This fall I’m enjoying auditing Jordan Rodu‘s mini course on Deep Learning. He’s had us read parts of the forthcoming Deep Learning book (free draft online), finished just this year and thus presumably up-to-date.
It’s fascinating to see how the core advice has changed from the literature we covered in Journal Club just a few years ago. Then, my team was assigned a 2010 paper by Erhan et al.: “Why Does Unsupervised Pre-training Help Deep Learning?” Unsupervised pre-training1 seems to have sparked the latest neural network / deep learning renaissance in 2006, underlying some dramatic performance improvements that got people interested in this methodology again after a decade-long “neural network winter.” So, we spent a lot of time reading this paper and writing simulations to help us understand how/why/when pre-training helps. (Here are our notes on the paper, simulations, and class discussion.)
But now in 2016, the Deep Learning book’s Chapter 15 says that “Today, unsupervised pretraining has been largely abandoned” (p.535). It seems to be used only in a few specific fields where there are good reasons for it to work, such as natural language processing. How quickly this field has changed!
Obviously, larger datasets and more raw computing power helped make deep neural networks feasible and interesting again in the 2000s. But algorithmic developments have helped too. Although unsupervised pre-training is what sparked renewed interest, the recent book claims (p.226) that the most important improvements have been: (1) using cross-entropy loss functions (optimize the negative log-likelihood) instead of always using mean squared error, and (2) using rectified linear activation functions in hidden units instead of sigmoid activation functions. Chapter 6 explains what these things mean and why they make a difference. But basically, these small tweaks (to the loss function you optimize, and to the non-linearities you work with) make large models much easier to fit, because it helps give you steeper gradients when your model fits poorly, so you don’t get stuck in regions of poor fit quite as often.
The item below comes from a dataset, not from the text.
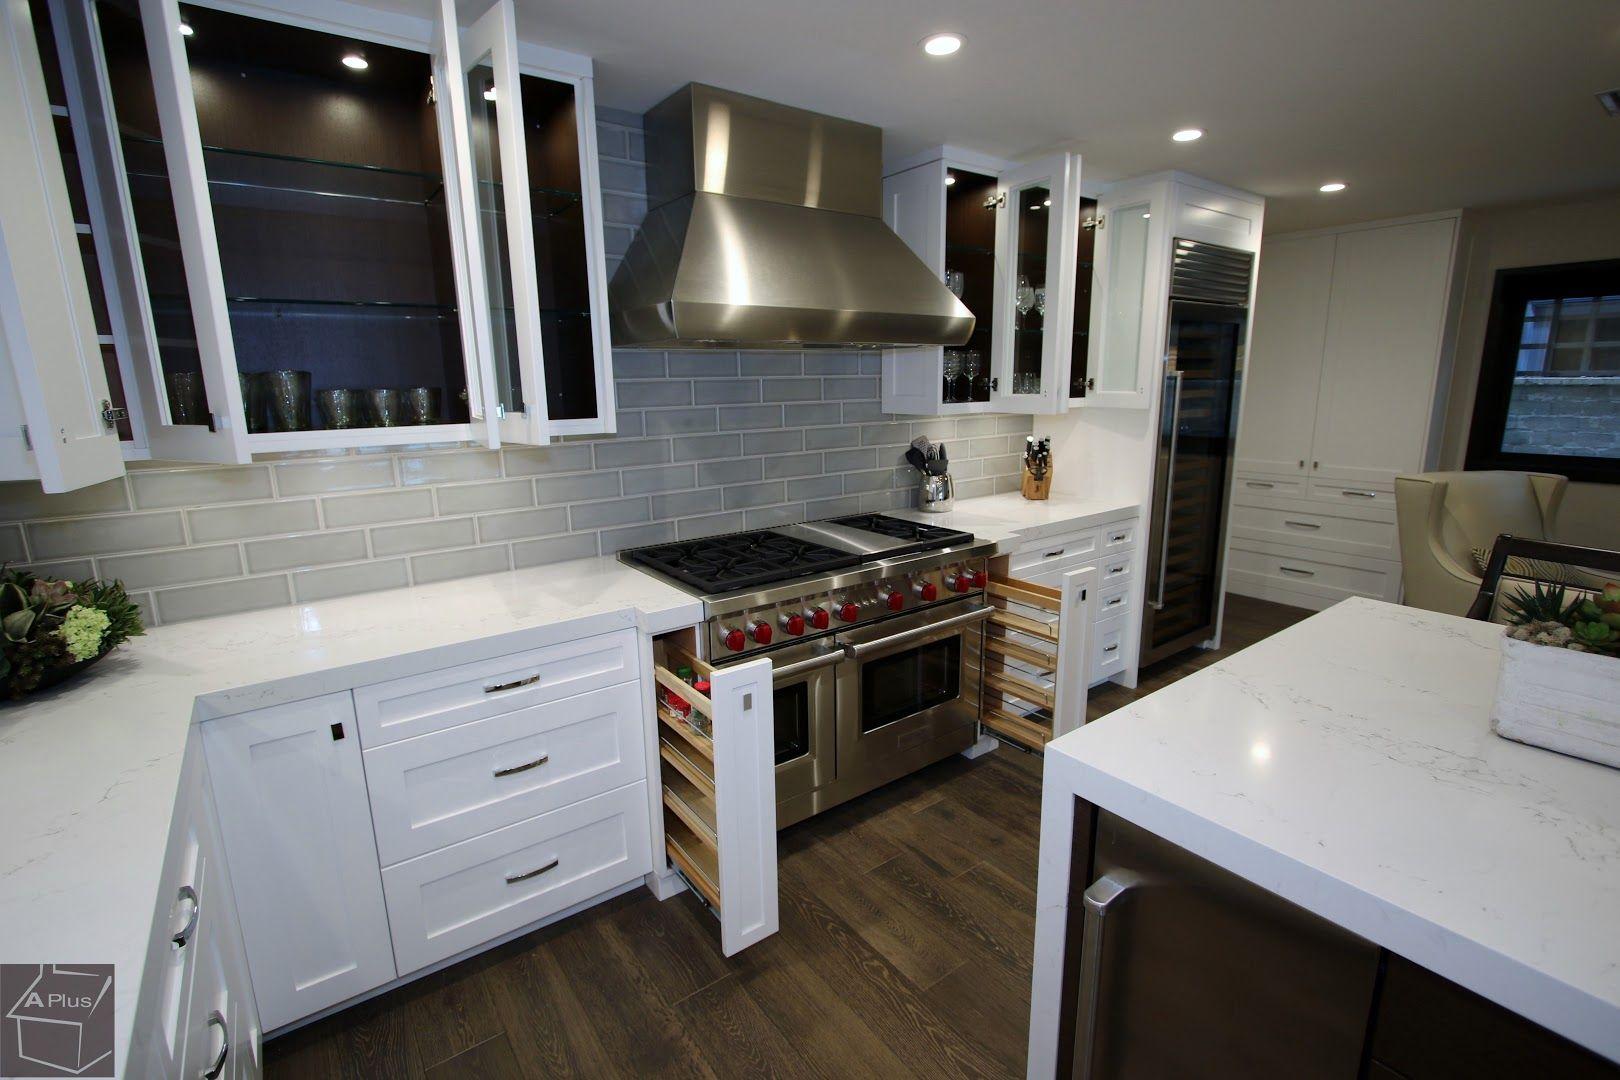 #whitecabinets #KitchenRemodel in Newport Beach #OrangeCounty

I look forward to learning more as Jordan’s class progresses. Meanwhile, if you want to try building a deep neural network from scratch yourself, I found the Stanford Deep Learning Tutorial helpful. Here are my solutions to some of the exercises. (This doesn’t teach you to use the well-designed, optimized, pre-made Deep Learning libraries that you’d want for a real application—just to practice building their core components from scratch so you understand how they work in principle. Your resulting code isn’t meant to be optimal and you wouldn’t use it to deploy something real.)
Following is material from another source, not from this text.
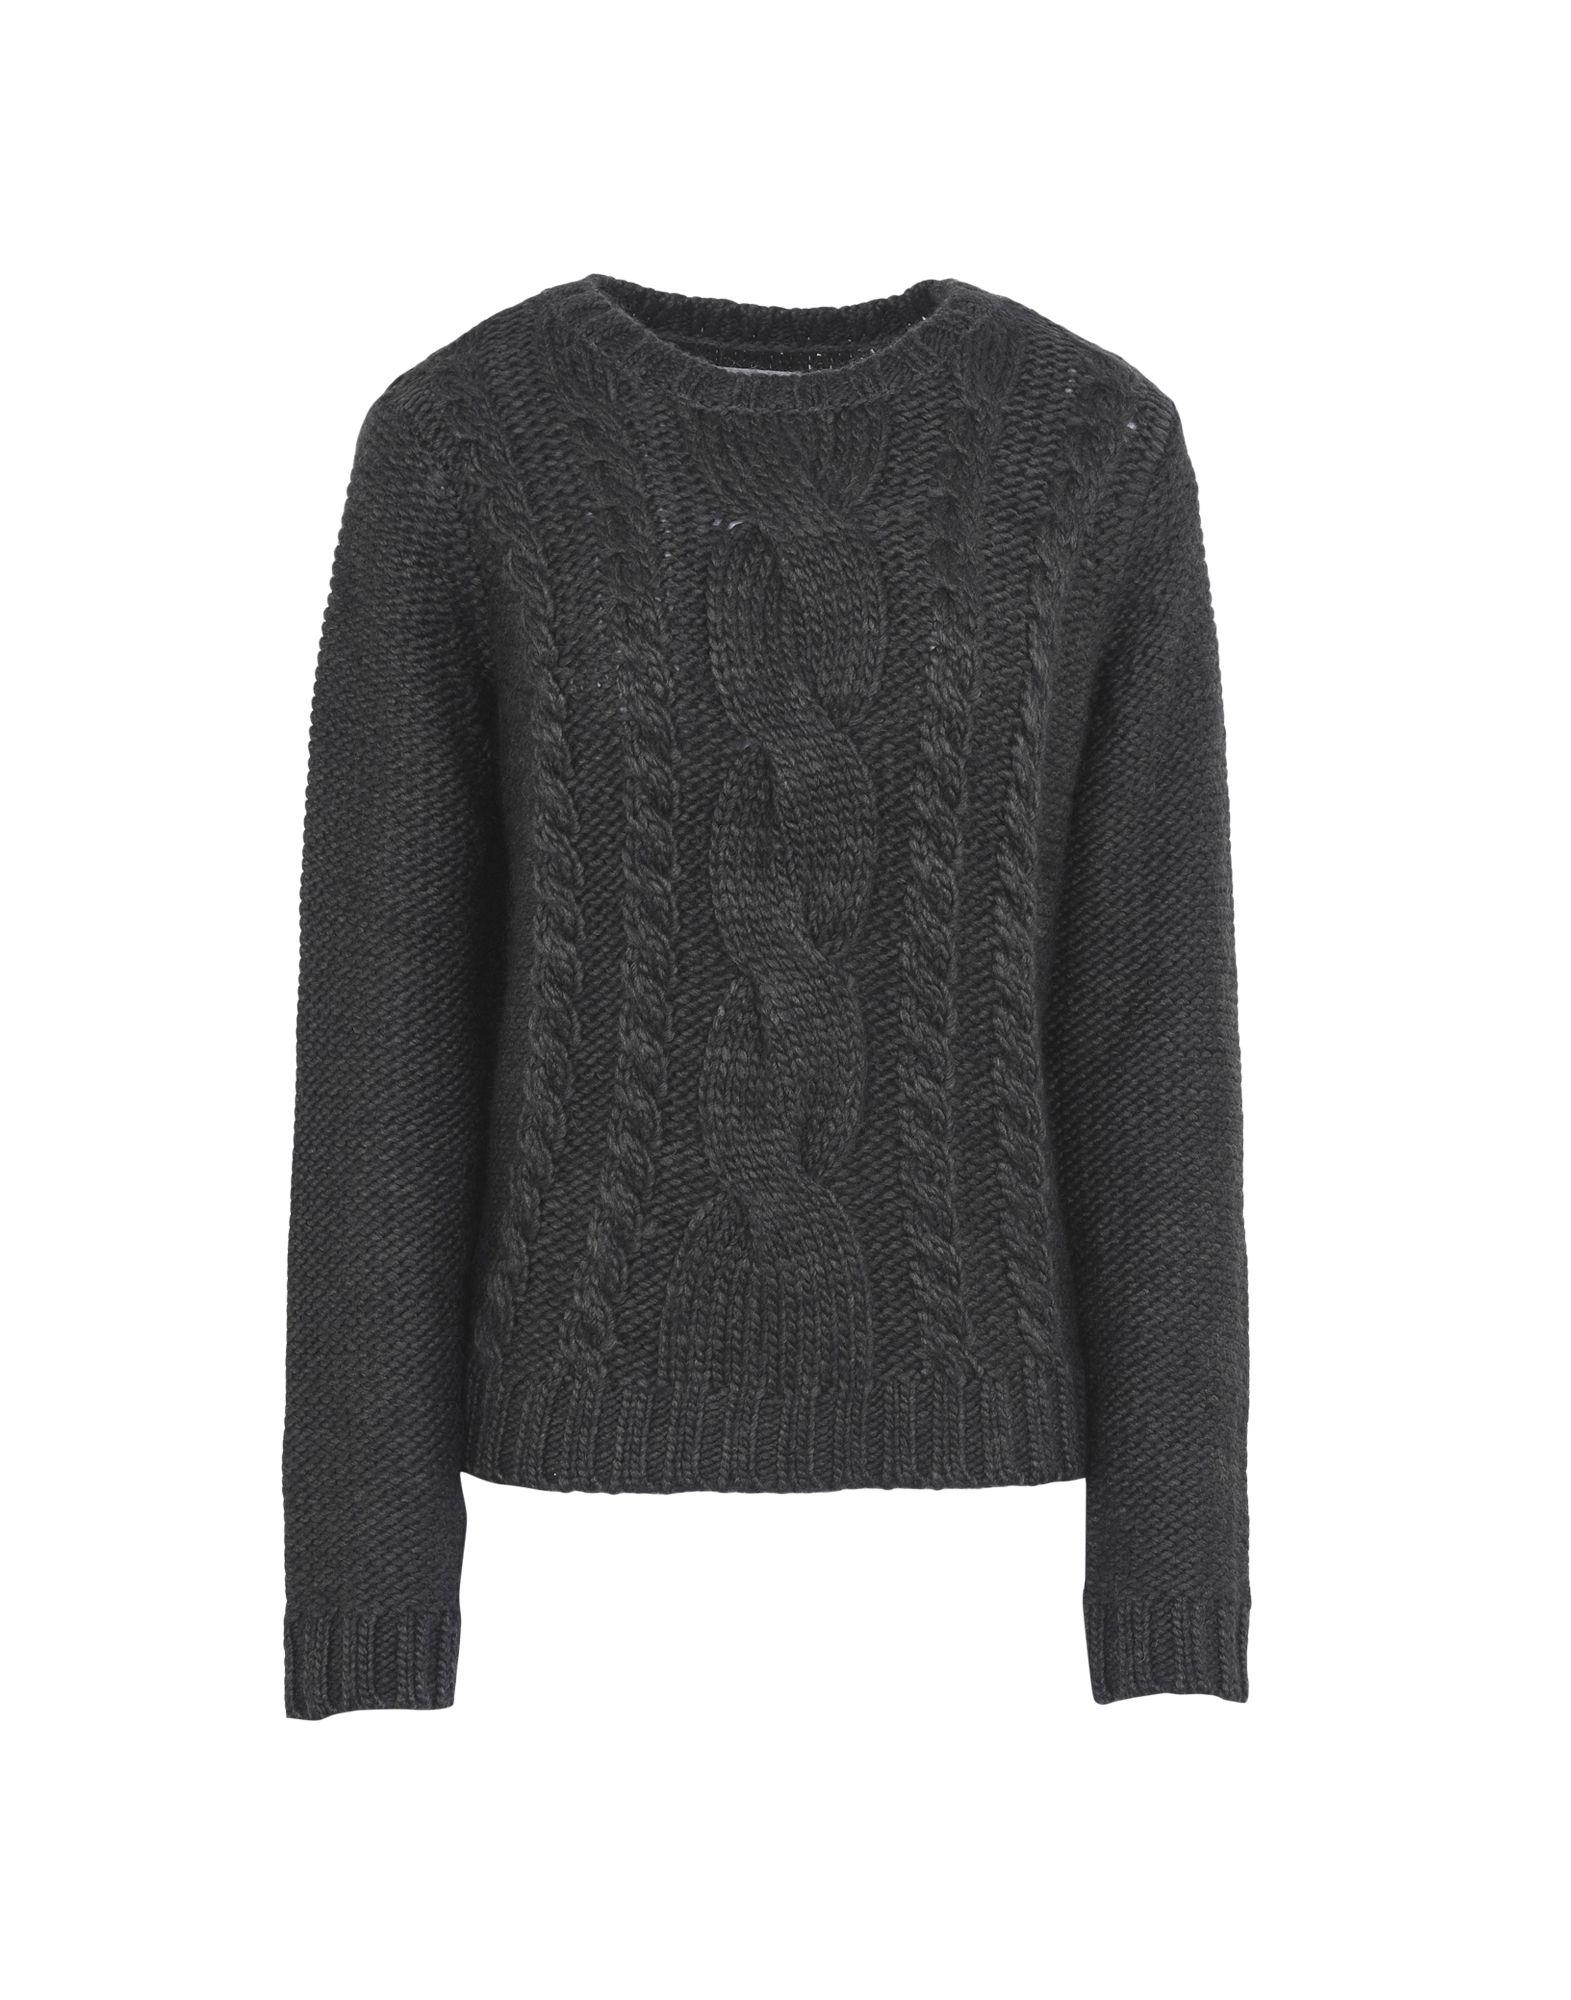 MINIMUM Свитер minimum свитер

PS—here’s also a nice post on Deep Learning from Michael Jordan (the ML expert, not the athlete). Instead of claiming ML will take over Statistics, I was glad to hear him reinforcing the importance of traditionally statistical questions:
…while I do think of neural networks as one important tool in the toolbox, I find myself surprisingly rarely going to that tool when I’m consulting out in industry. I find that industry people are often looking to solve a range of other problems, often not involving “pattern recognition” problems of the kind I associate with neural networks. E.g.,
1. How can I build and serve models within a certain time budget so that I get answers with a desired level of accuracy, no matter how much data I have?
2. How can I get meaningful error bars or other measures of performance on all of the queries to my database?
3. How do I merge statistical thinking with database thinking (e.g., joins) so that I can clean data effectively and merge heterogeneous data sources?
4. How do I visualize data, and in general how do I reduce my data and present my inferences so that humans can understand what’s going on?
5. How can I do diagnostics so that I don’t roll out a system that’s flawed or figure out that an existing system is now broken?
6. How do I deal with non-stationarity?
7. How do I do some targeted experiments, merged with my huge existing datasets, so that I can assert that some variables have a causal effect?
Although I could possibly investigate such issues in the context of deep learning ideas, I generally find it a whole lot more transparent to investigate them in the context of simpler building blocks.
- Train one neural-network layer to reproduce the input, i.e. train an autoencoder. Then add another layer and repeat. After several such layers, (we hope) the network will learn several levels of features common to the data inputs, essentially automating the feature-engineering process. E.g. in images you might learn edge-detectors and so on from the data, instead of manually curating them. Finally, use the structure/weights learned this way to initialize a supervised network, classifying the inputs using supervised labels.